Jonas ne s’était jamais rendu dans les prisons du palais jusqu’à aujourd’hui. La descente des marches qui mènent aux cellules lui parait lugubre. Les murs de pierre sont complètement nus, ils s’effritent par endroit. Plus il descend, plus le passage lui semble étroit. Il se sentirait presque claustrophobe. L’odeur de transpiration et d’excréments lui pique déjà le nez alors qu’il n’a pas encore atteint les quartiers des prisonniers.

Au fur et à mesure de sa descente, plus son cœur s’emballe. Ses mains sont moites et sa respiration se fait difficile. Ces hommes savent quelque chose sur son passé. Ils connaissent son père… Même s’il appréhende les révélations qui pourraient lui être faites, il sait au fond de lui qu’il a besoin d’entendre ce que ces hommes ont à lui dire.

Jonas a toujours su qu’il avait été adopté. Il ne s’était jamais vraiment posé de questions sur ses parents biologiques avant d’apprendre qu’il était l’héritier légitime d’Aquilae. Depuis, un tas de questions tourbillonnent sans cesse dans son esprit. Qu’est-il arrivé à ses parents ? Sont-ils encore en vie ? Pourquoi a-t-il été séparé d’eux ? Comment est-il arrivé à Arietis ? Pour quelles raisons lui avoir caché sa véritable identité pendant tout ce temps ?

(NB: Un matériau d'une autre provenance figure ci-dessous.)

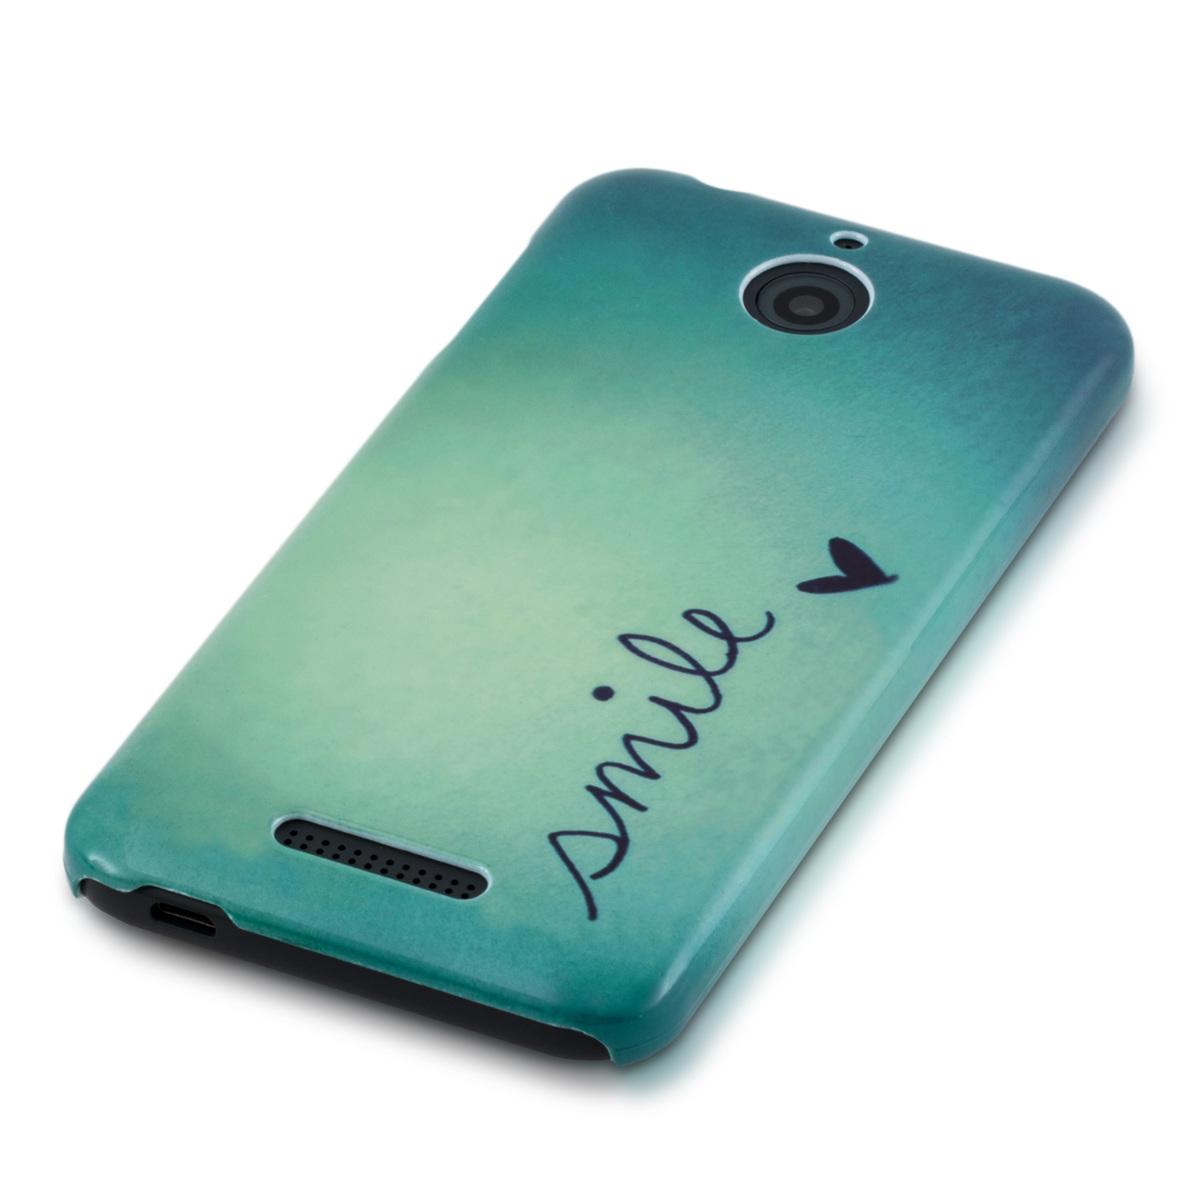 Kwmobile Hard Cover Design For Htc Desire 510 Case Back Shell Bumper Mobile Ebay

Autant de questions qui pourraient enfin obtenir une réponse.

Alors qu’il atteint la dernière marche, un lézard passe devant lui, pourchassé par un rat du désert. Un frisson de dégoût parcourt son corps. Prenant une grande inspiration, il poursuit son chemin à travers les cachots.

Des gardes sont postés à l’entrée qui mène aux cellules. Évidemment, les hommes détenus là-bas sont sous haute surveillance, mais Jonas n’avait pas anticipé cela. Il décide alors d’ignorer les hommes et d’agir comme s’il était parfaitement normal qu’il se trouve ici.

—   Halte-là ! l’intercepte l’un des gardes.

La tentative de Jonas de passer le poste de sécurité comme si de rien n’était s’est soldée par un échec.

—   Que faites-vous ici ? l’interroge le second garde.

Rapidement, Jonas doit inventer un mensonge assez crédible pour justifier sa présence dans les prisons. Une idée lui vient à l’esprit. Plus qu’à implorer les dieux que les deux hommes chargés de la sécurité le croient sur parole.

—   Le Roi Léonard m’envoie pour interroger les deux prisonniers, déclare Jonas d’un ton qui, il l’espère, démontre de l’assurance.

Les gardes semblent dubitatifs. Ils observent le jeune homme de haut en bas. Jonas porte une tenue de Cour, assez riche pour démontrer sa nouvelle position élevée au sein de la noblesse. Les gardes l’ont certainement déjà croisé au détour d’un couloir en compagnie d’un des membres de la famille royale. En tout cas, le jeune homme compte là-dessus pour s’assurer de pouvoir entrer. Le fait qu’il soit envoyé par le Roi est assez probable. De plus, tous au palais et à Arietis savent que leur nouvelle reine est très proche d’un jeune homme aux cheveux gris.

—   Le roi les a déjà interrogés et la reine est passée plus tôt dans la matinée, rétorque l’un des gardes.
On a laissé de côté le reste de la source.